The look-ahead bias is an ongoing threat when working with array data, especially on multiple time frames. Using Pandas alone is strongly discouraged because it's not aware that financial data mainly involves bars where timestamps are opening times and events can happen at any time between bars, and thus falsely assumes that timestamps denote the exact time of an event. In VBT, there is an entire collection of functions and classes for resampling and analyzing data in a safe way!

Tutorial

Learn more in the MTF analysis tutorial.

Calculate SMA on multiple time frames and display on the same chart

>>> def mtf_sma(close, close_freq, target_freq, timeperiod=5):
...     target_close = close.vbt.realign_closing(target_freq)  # (1)!
...     target_sma = vbt.talib("SMA").run(target_close, timeperiod=timeperiod).real  # (2)!
...     target_sma = target_sma.rename(f"SMA ({target_freq})")
...     return target_sma.vbt.realign_closing(close.index, freq=close_freq)  # (3)!

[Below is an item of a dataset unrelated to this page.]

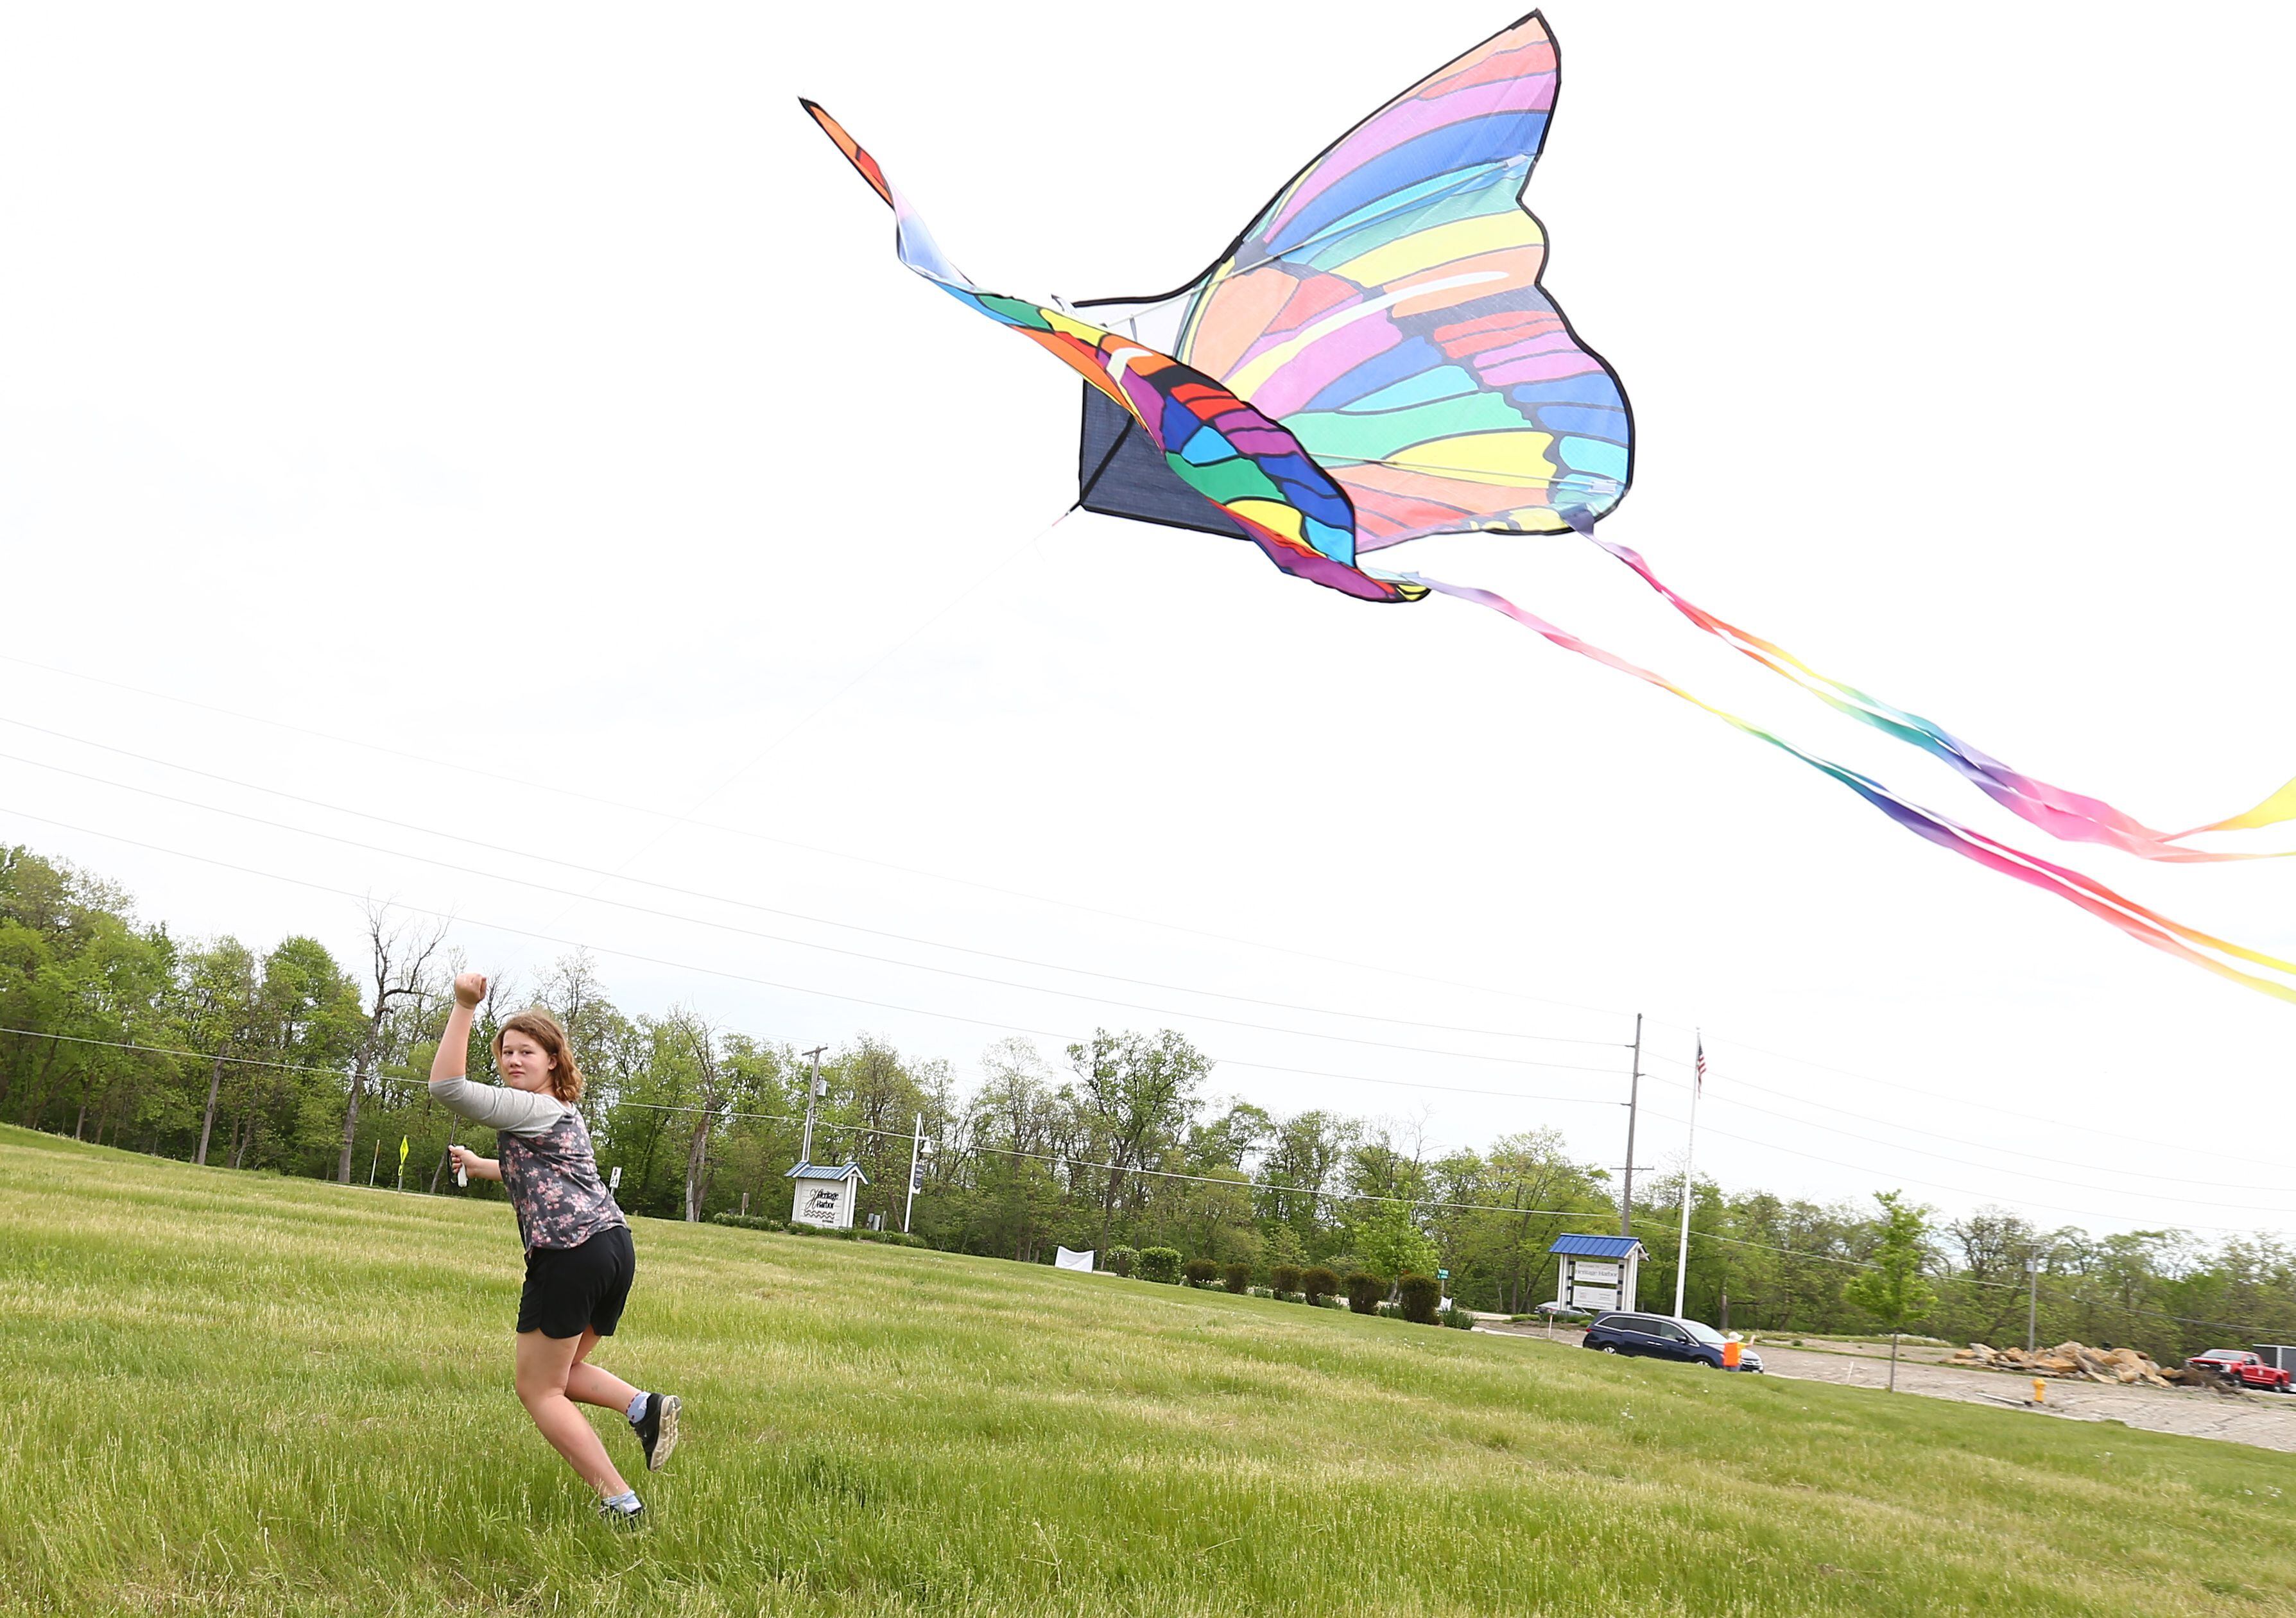 Marli Woodin of Norway runs through a large open field to fly her butterfly kite during the 'Kites in Flight' festival on Sunday, May 15, 2022 at Heritage Harbor in Ottawa.

>>> data = vbt.YFData.pull("BTC-USD", start="2020", end="2023")
>>> fig = mtf_sma(data.close, "D", "daily").vbt.plot()
>>> mtf_sma(data.close, "D", "weekly").vbt.plot(fig=fig)
>>> mtf_sma(data.close, "D", "monthly").vbt.plot(fig=fig)
>>> fig.show()

Resample the source frequency to the target frequency. Close happens at the end of the bar, thus resample as a "closing event".
Calculate SMA on the target frequency
Resample the target frequency back to the source frequency to be able to display multiple time frames on the same chart. Since close contains gaps, we cannot resample to close_freq because it may result in unaligned series - resample directly to the index of close instead.

Resamplable objects¶

Not only you can resample time series, but also complex VBT objects! Under the hood, each object comprises of a bunch of array-like attributes, thus resampling here simply means aggregating all the accompanied information in one go. This is very convenient when you want to simulate on higher frequency for best accuracy, and then analyze on lower frequency for best speed.

Tutorial

Learn more in the MTF analysis tutorial.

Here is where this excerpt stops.